30 Ellsberg suggests that a decision-maker should choose the action x associated with the highest value of the index ρE(x) + (1-ρ)min(x), where E(x), the expected utility of action x with respect to the “best guess” probability, coinciding with Savage’s prior probability. E(x) is weighted with respect to the degree of confidence, ρ, encapsulating the influence of the ambiguity surrounding the decision process. If no ambiguity is perceived the rule coincides with Savage’s. In case ambiguity is perceived (i.e., 0 < ρ < 1) the best guess distribution is weighted with Wald’s maxmin, assumed as the conventional decision rule for probabilistic ignorance. It must be noted that Eichberger and Kelsey’s (Citation1999) axiomatization of a decision rule for ambiguity builds exactly on Ellsberg’s intuition.

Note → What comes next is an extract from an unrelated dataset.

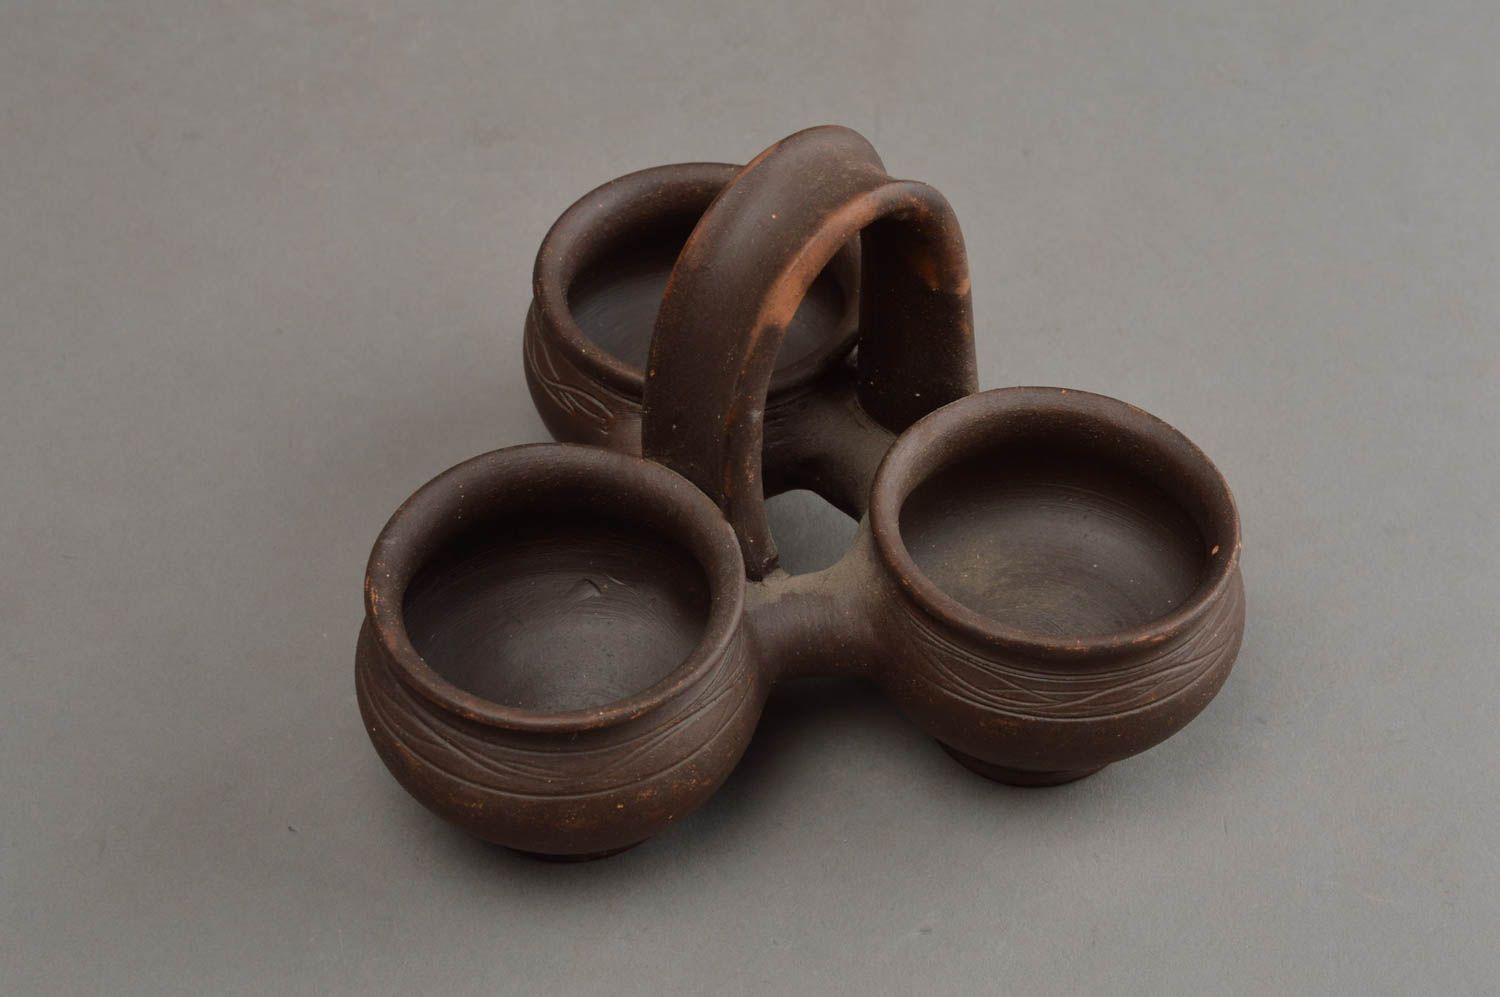 Gravy boat ceramic dinnerware handmade ceramic pots kitchen accessories photo 3
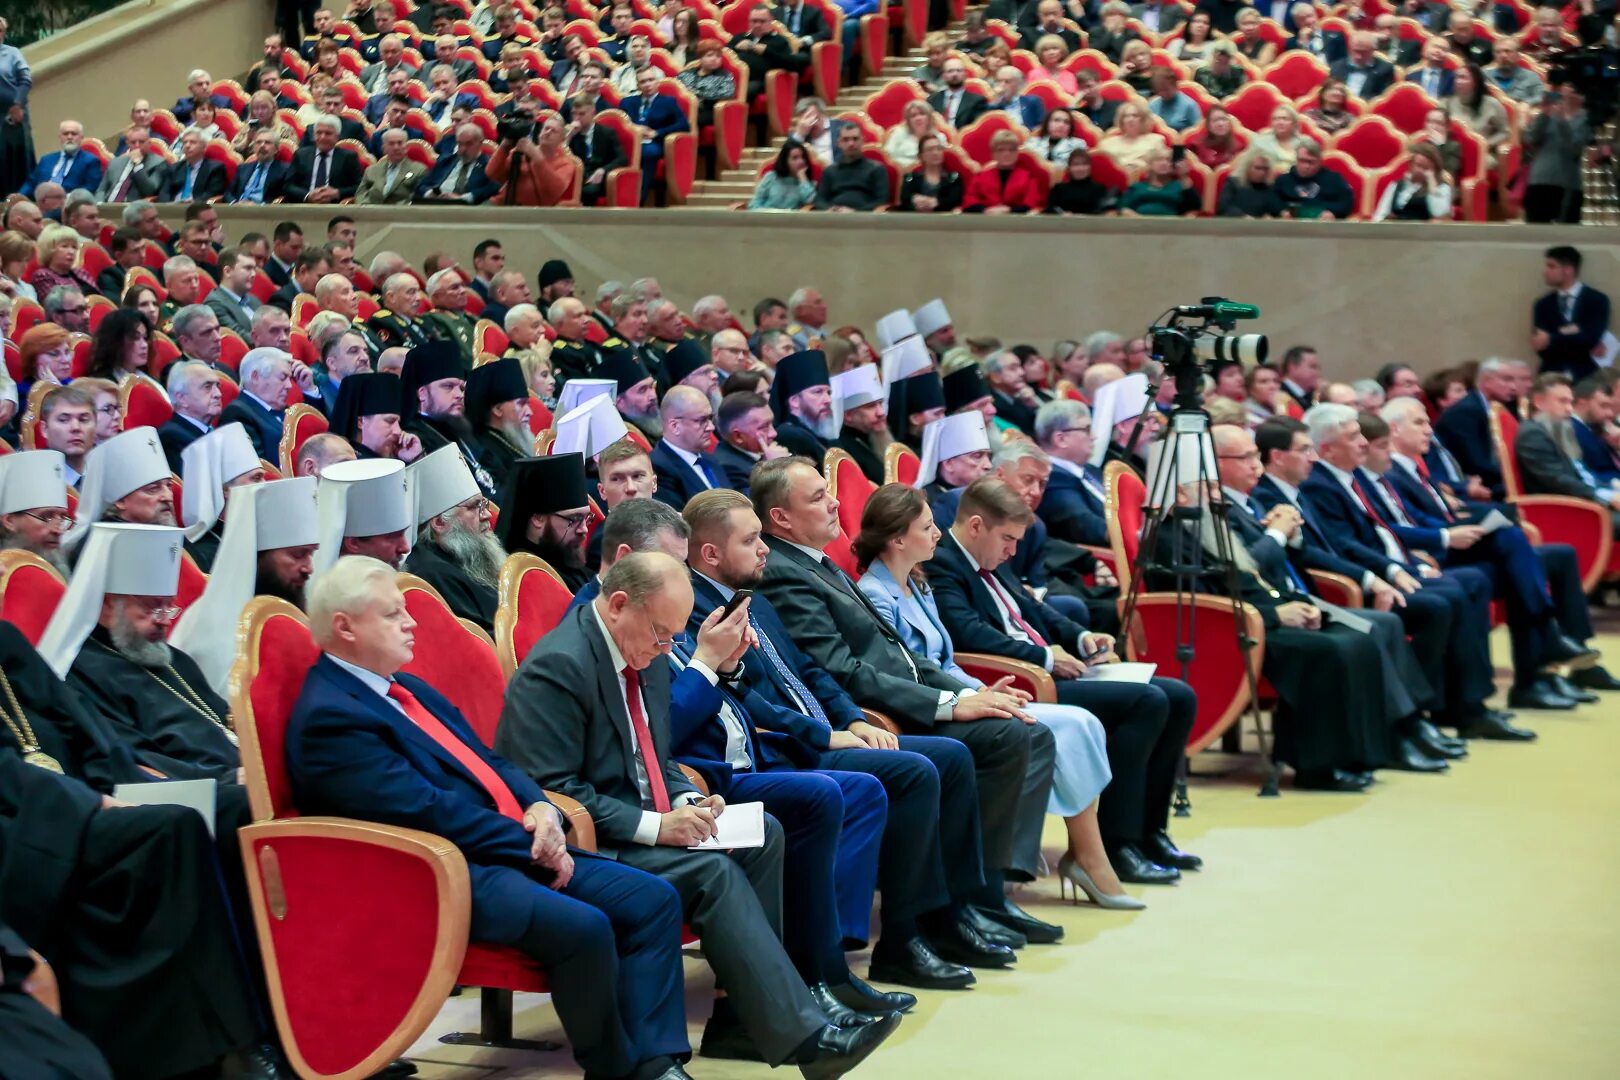 Съезд всемирного русского народного собора

31 MacCrimmon and Larson (Citation1979, 382–384) summarized this first round of experimental studies—comparing individuals’ actual choices with their level of agreement with decision rules—with the claim that in “real situations of uncertainty,” such as stock market investments, deliberate Ellsberg-type violations occurred at such a high rate to demand further theoretical study on the non-additivity of beliefs. As noted by Mongin (Citation2014, 766–768), before Kahneman and Tversky (Citation1979) empirical studies were used to test reflective reasoning also in Allais, confirming that the issue of deliberate choices was intended as crucial under both risk and uncertainty.
32 As mentioned, Ellsberg did not refer to Allais in his paper and the discussion with Raiffa and Roberts contains no comparison between the paradoxes, testifying of the limited interest in Allais’s argument in the early 1960s. However, we shall see that the connection became apparent to Ellsberg, and worth dealing with, in his thesis.
33 Ellsberg, already at the RAND Corporation while working on the thesis, moved to the US Secretary of Defence in 1964, and never came back to academics. In the political arena he is better known for his releasing to the press of the Pentagon Papers in 1971. From then on he has been, and still is, an independent writer and political activist.
34 The correspondence included in the Savage Papers is illustrative of Savage’s sympathy for Ellsberg’s investigation. But Ellsberg’s inability to provide axiomatic justification for his result brought as a consequence Savage’s unwillingness to endorse a less firm subjectivist perspective while still fighting for the acceptance of the core of his viewpoint among statisticians (see Zappia Citation2018).
35 Ellsberg’s now much more elaborate positive analysis hinges on the formal structure guaranteed by Koopman’s and Good’s research on partially ordered probabilistic beliefs and constitutes the link with authors such as Levi (Citation1980) and Gärdenfors and Sahlin (Citation1982), who have worked on the philosophical background of representations of degrees of belief through a set of probability distributions.
36 Ellsberg’s suggestion for a comprehensive decision rule is intended to accommodate a wide variety of rational behaviour attributable to individuals who deliberately violate Savage’s axioms. Using the same notation of footnote 30, Ellsberg suggests now that a decision-maker should choose the action x associated with the highest value of the index ρE(x) + (1-ρ)[αmax(x) + (1-α)min(x)], where the best guess distribution is weighted with a mixture of max and min of outcomes with respect to optimism α (ranging from 0 to 1), as in Hurwicz (Citation1951). It is worth noting that even this rule has been axiomatized in contemporary literature, as α-Maxmin of EU (Ghirardato et al. Citation2004).
37 Ellsberg (Citation2001 [1962], 229) uses a similar argument against Raiffa, arguing that the way he offered the opportunity to choose mixed strategies in his replications of the urn examples banished ambiguity, in fact producing “crucially different” experiments from the ones he had suggested in his 1961 article.